Dancing Ground Park

Our neighborhood has miles of paved walking trails, a pool and clubhouse, open meadows, and the builder kept the existing arroyos and drainage swales, siting all the houses around them. It makes this community very natural looking, even though it is densely built.

There is also a park in the middle of everything.


It's kind of interesting -- it's not a swings and basketball park. Like the rest of the neighborhood, it has a very naturalistic look. A lot of the space is given over to big stands of meadow weeds. I can't believe I'm saying this. -- I'm a tidy gardener -- but the billowy out of control weeds look good in this context.


There are big untended stands of red Mexican Hat (ratibida) flanking the walkways.


Yarrow has gone crazy flopping about under some trees.


A grounds crew comes in and chops at things a bit, but it's pretty unkempt.


There are some tidier parts -- a pavilion with benches, surrounded by irrigated lawn mowed neatly, for example.


The green lawn is ringed by trees underplanted with glossy green leaved fragrant sumac, a plant I have grown and am attempting to grow in my Santa Fe garden. It's nice to see it sprawling about naturally in big patches edging the lawn.


The watered lawn is big. It's for frisbee and sitting on and for kids to chase each other about. You need lawn for that.


But other parts of the park are not watered. Where there are no weedy meadow plants or plantings of fragrant sumacs, and where the lawn is not watered, this is what you get:


You can toss frisbees and play on this brown open dirt too, but the lawn is much nicer.

The park also has some odd structures. There are stucco walls with bench seats molded in them for sitting about.


And there are stucco walls that don't do anything -- they are not parts of buildings or places to sit, they are just freestanding low walls about five feet tall, with window openings, standing around the park.


Another freestanding wall frames a small plaza, where the plants have gone a little wild. The oddity of this formal plaza in the middle of nowhere in the park, with a non-functional wall with open window holes in it, and plants out of control is somehow unexpected and charming.


The only concession to playscape materials in the park is a beach sand pit and baby slide.

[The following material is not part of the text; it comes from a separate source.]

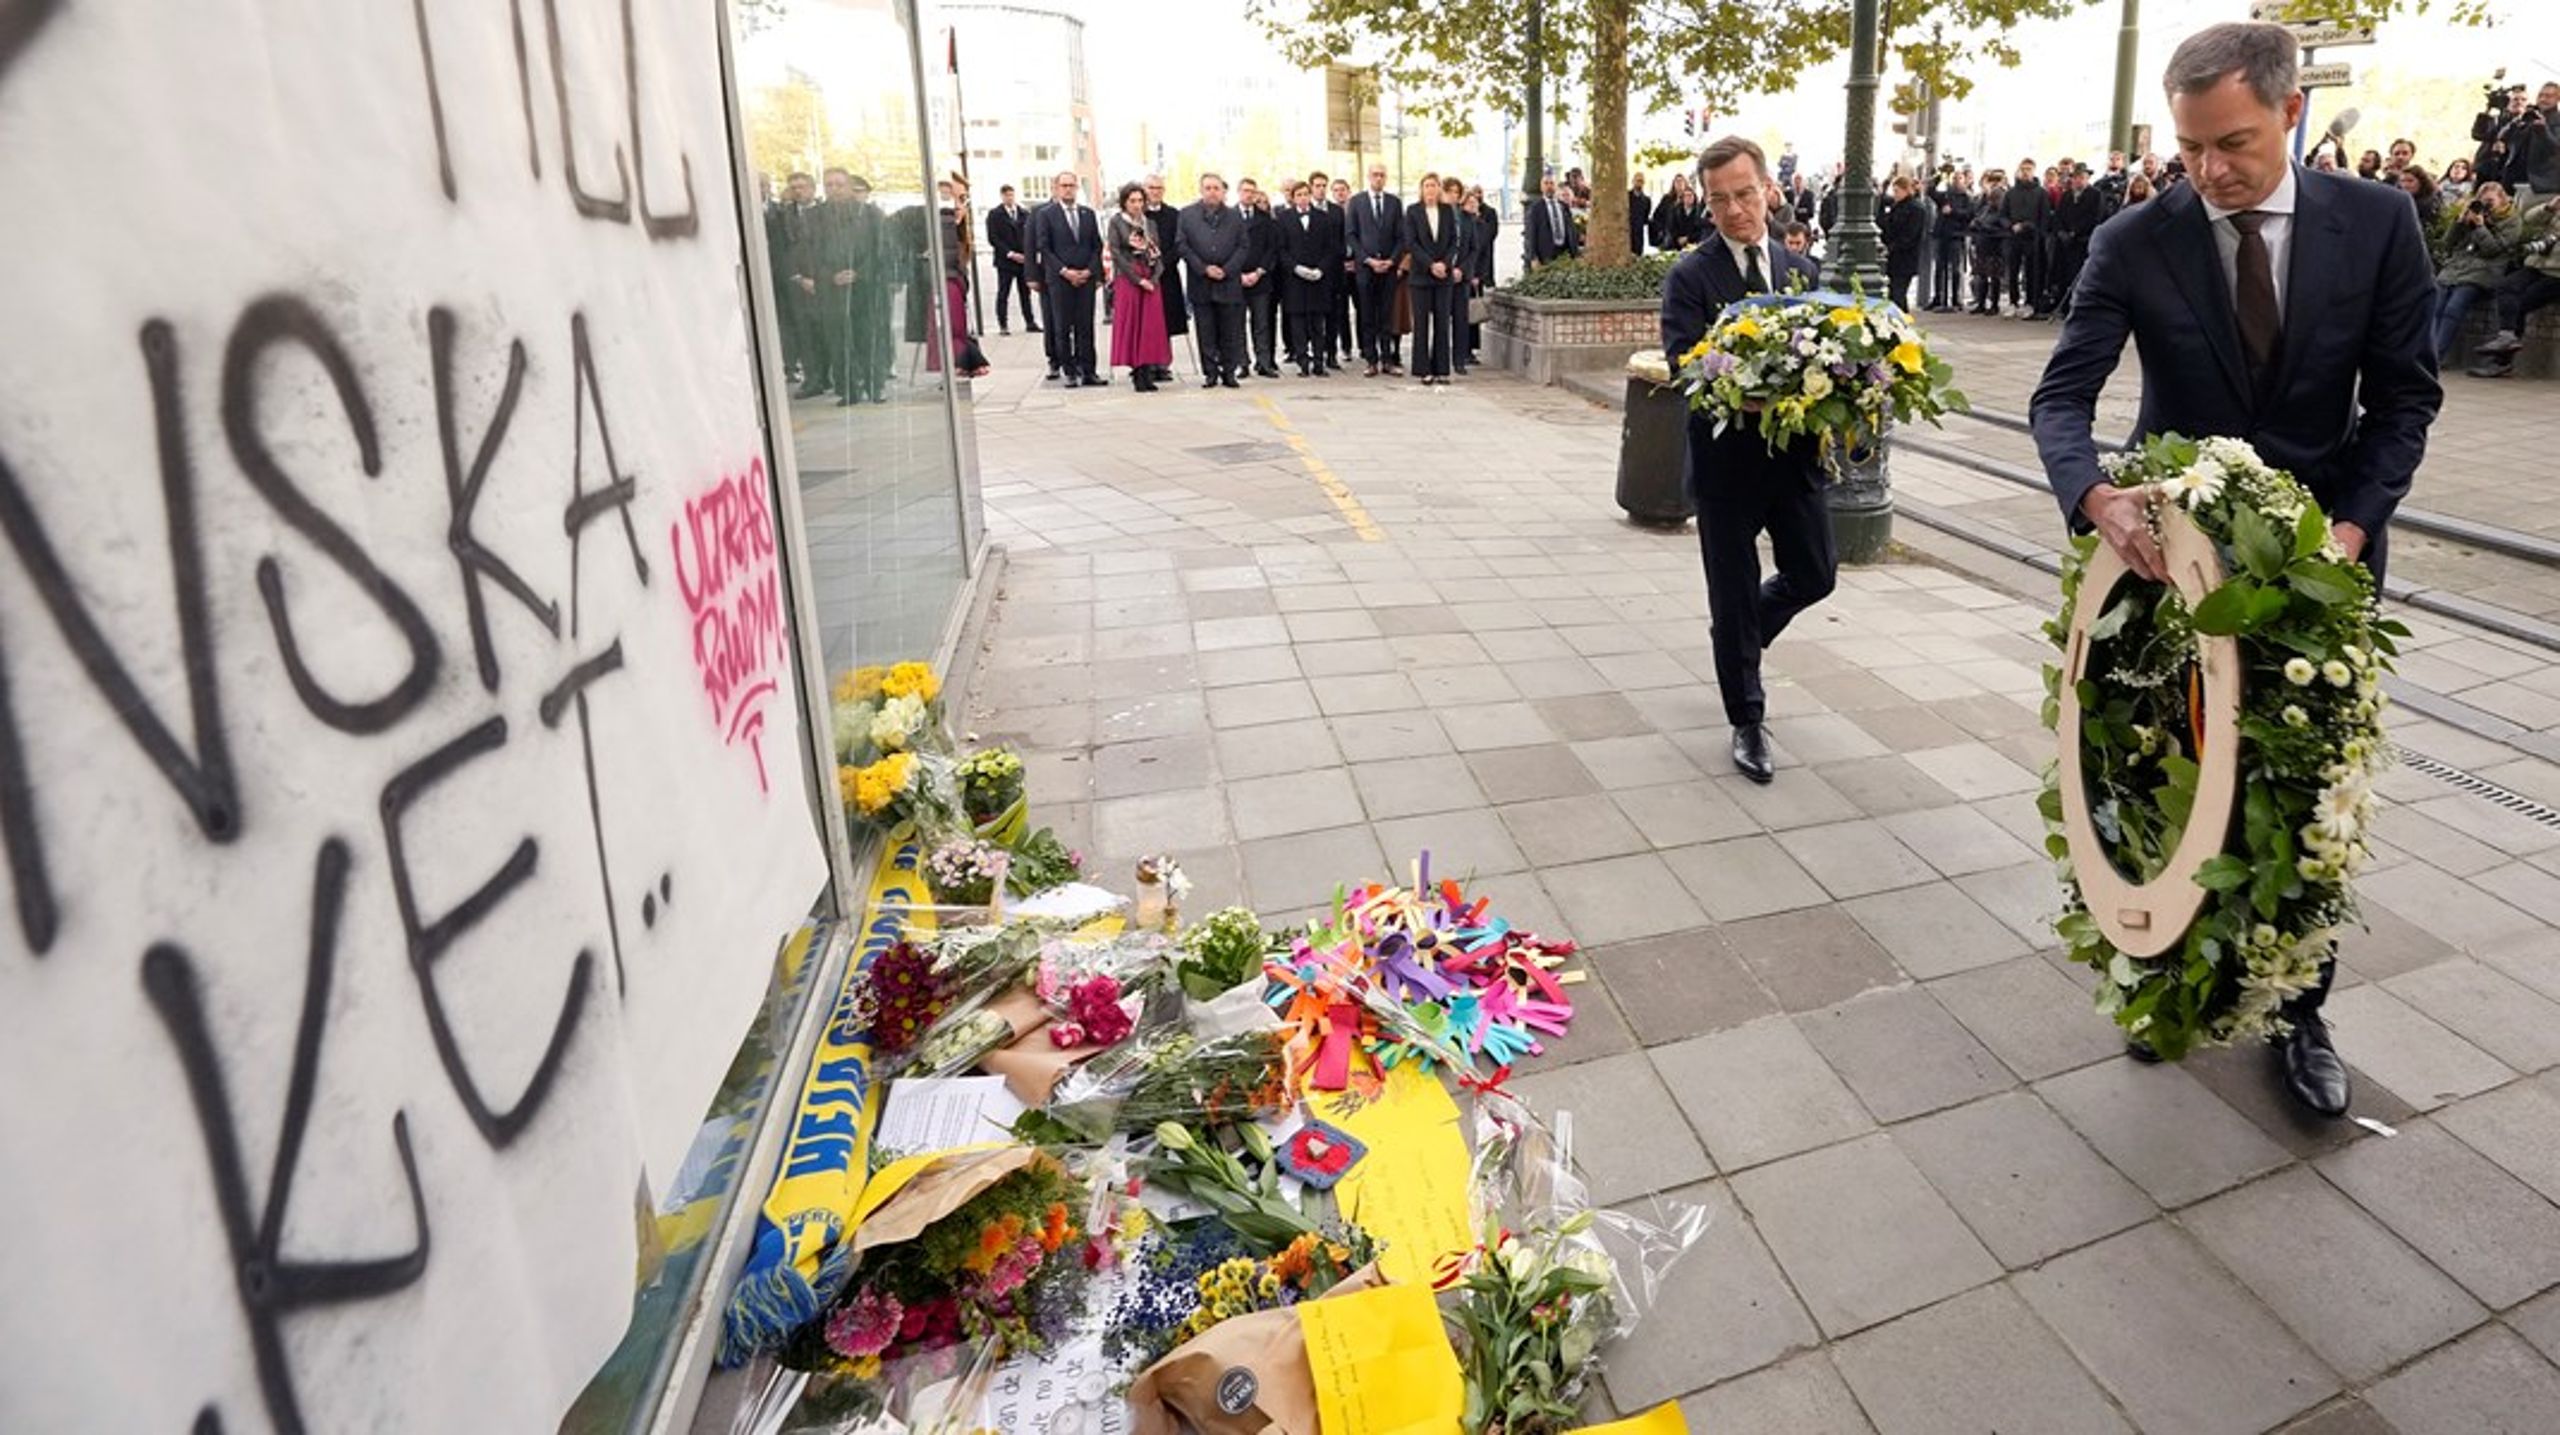 Statsminister Ulf Kristersson och Belgiens premiärminister Alexander De Croo lade vid en minnesceremoni&nbsp;på onsdagen&nbsp;ner kransar på den plats där två svenskar sköts till döds i måndagens terrorattack i Bryssel.&nbsp;

The park is up a bit of a hill from our house, and it's a great place to watch the sun set. Kids play here, boys ride bikes through it, dog walkers walk their pets and ignore the pet poop bag dispensers installed all over the park. Plants run wild, but were clearly thoughtfully chosen and installed.

It's an interesting space -- haphazardly maintained, partially irrigated, obviously beautifully designed, and dotted with odd structures.